Song by Emerson, Lake & Palmer

from the album Brain Salad Surgery
- Released: 7 December 1973
- Recorded: 1973
- Genre: Progressive rock; folk rock;
- Length: 2:53
- Label: Manticore
- Songwriter: Greg Lake
- Producer: Greg Lake

= Still...You Turn Me On =

"Still...You Turn Me On" is a song by the progressive rock band Emerson, Lake & Palmer. It was released on their 1973 album Brain Salad Surgery. It is the only song on the album that lead singer and guitarist Greg Lake wrote entirely by himself.

== Song ==
"Still...You Turn Me On" is usually considered to be a necessary balance on the album as a romantic ballad. The other songs on the album are aggressive rock compositions.

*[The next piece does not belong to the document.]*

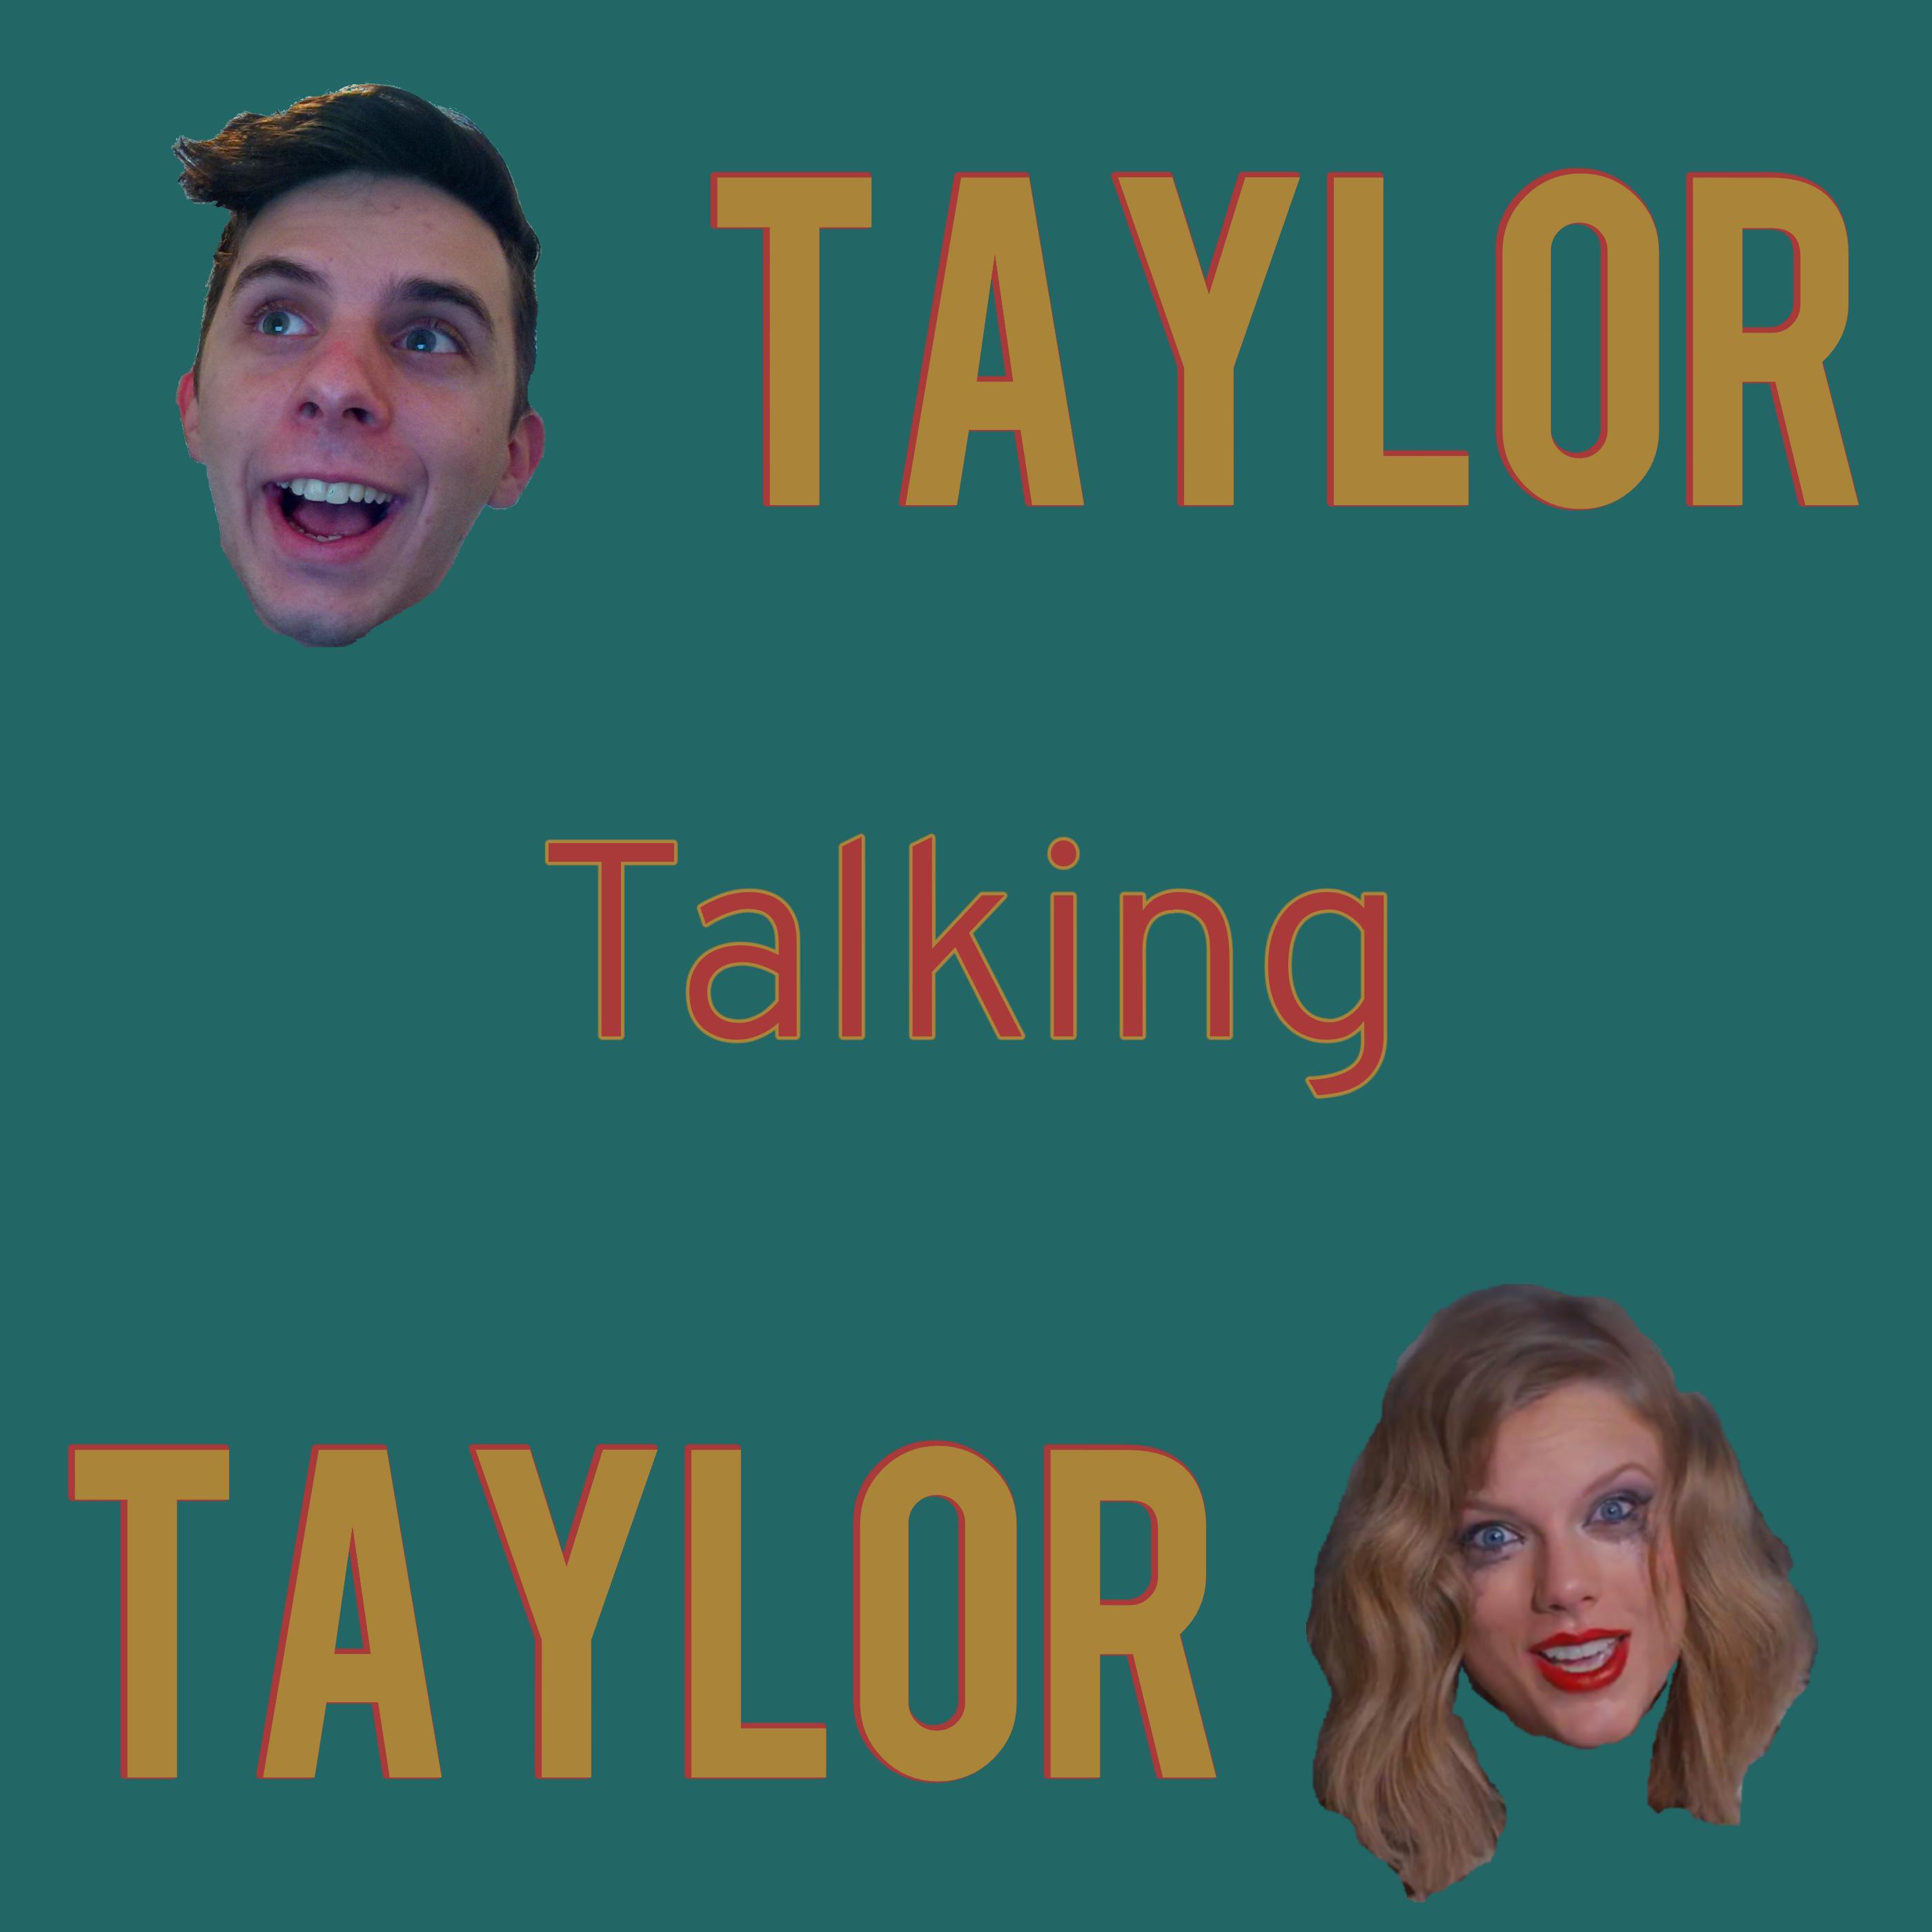 Taylor Talking Taylor logo

Although the song stood out as an obvious single choice, Emerson, Lake & Palmer did not choose it for a single release. There were two reasons: that drummer Carl Palmer did not play on the song and also that it was the least representative of the album or the group's general sound.

=== Reception ===
Rolling Stone magazine included the song in their list of 10 Essential ELP Songs and said that it is "Lake's songcraft and Emerson's atmosphere that makes 'Still… You Turn Me On' so timeless. Even when obsessed with the sounds of the future, ELP knew a good tune was always at the heart of their art".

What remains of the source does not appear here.